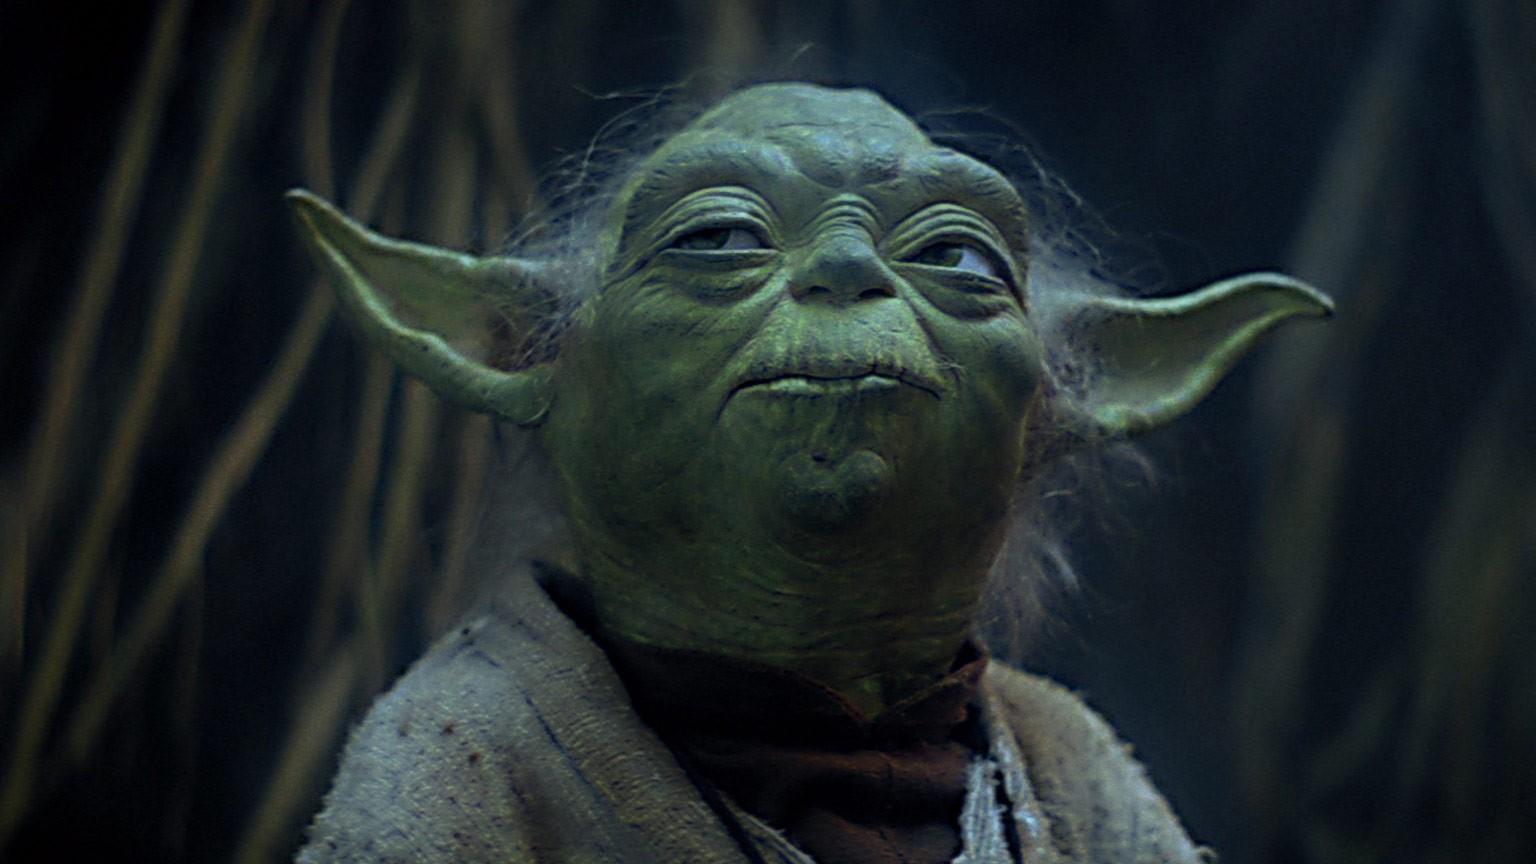 O mestre jedi Yoda
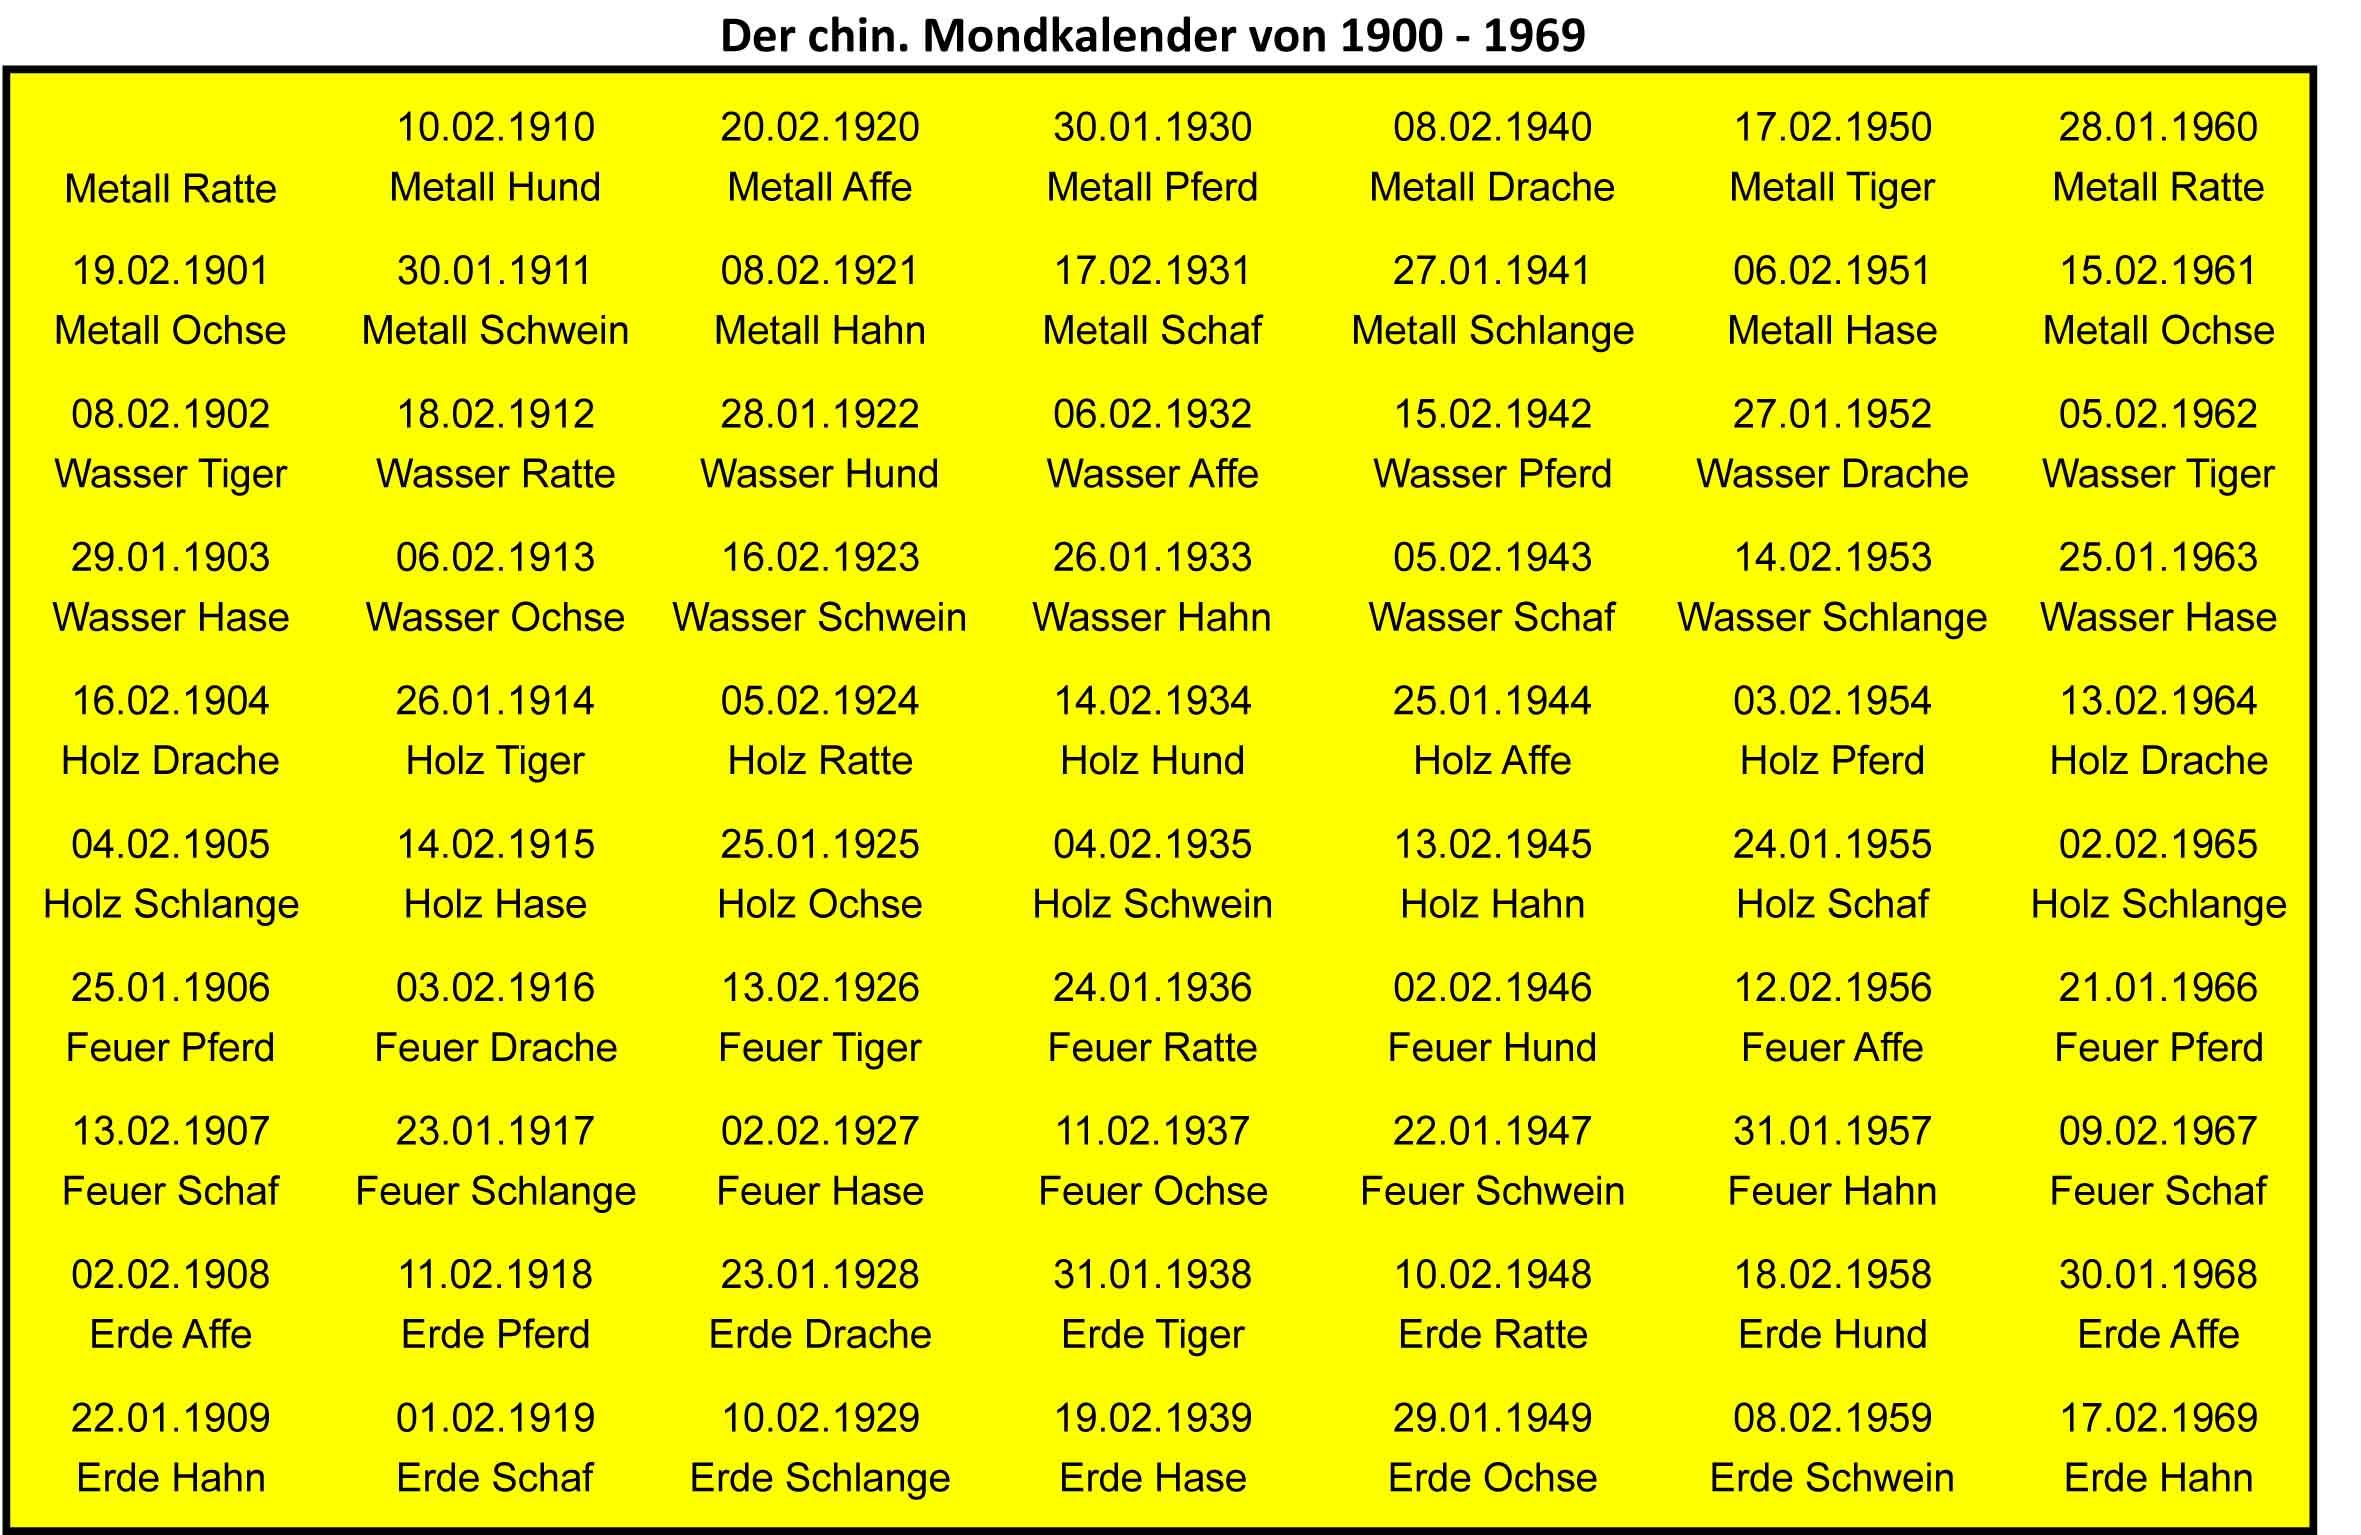 Mond-Kalender 1900-1969
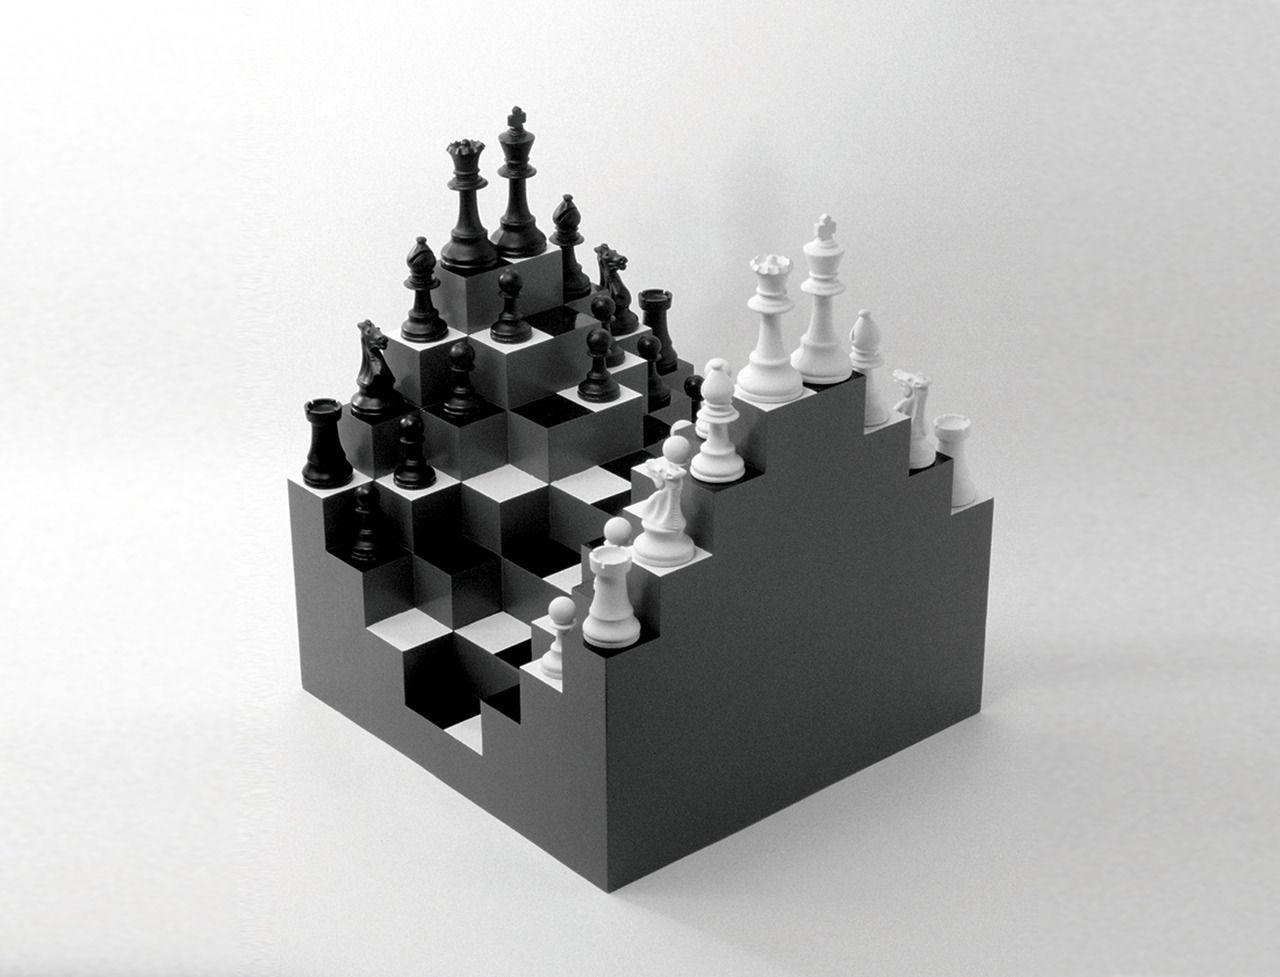 It S Not Quite Star Trek Tng S 3d Chess But Ji Lee S Board

[Work instructions] Give the data again exactly as it appears, but without any images.

[Solution for this exercise]
 O mestre jedi Yoda
 Mond-Kalender 1900-1969
 It S Not Quite Star Trek Tng S 3d Chess But Ji Lee S Board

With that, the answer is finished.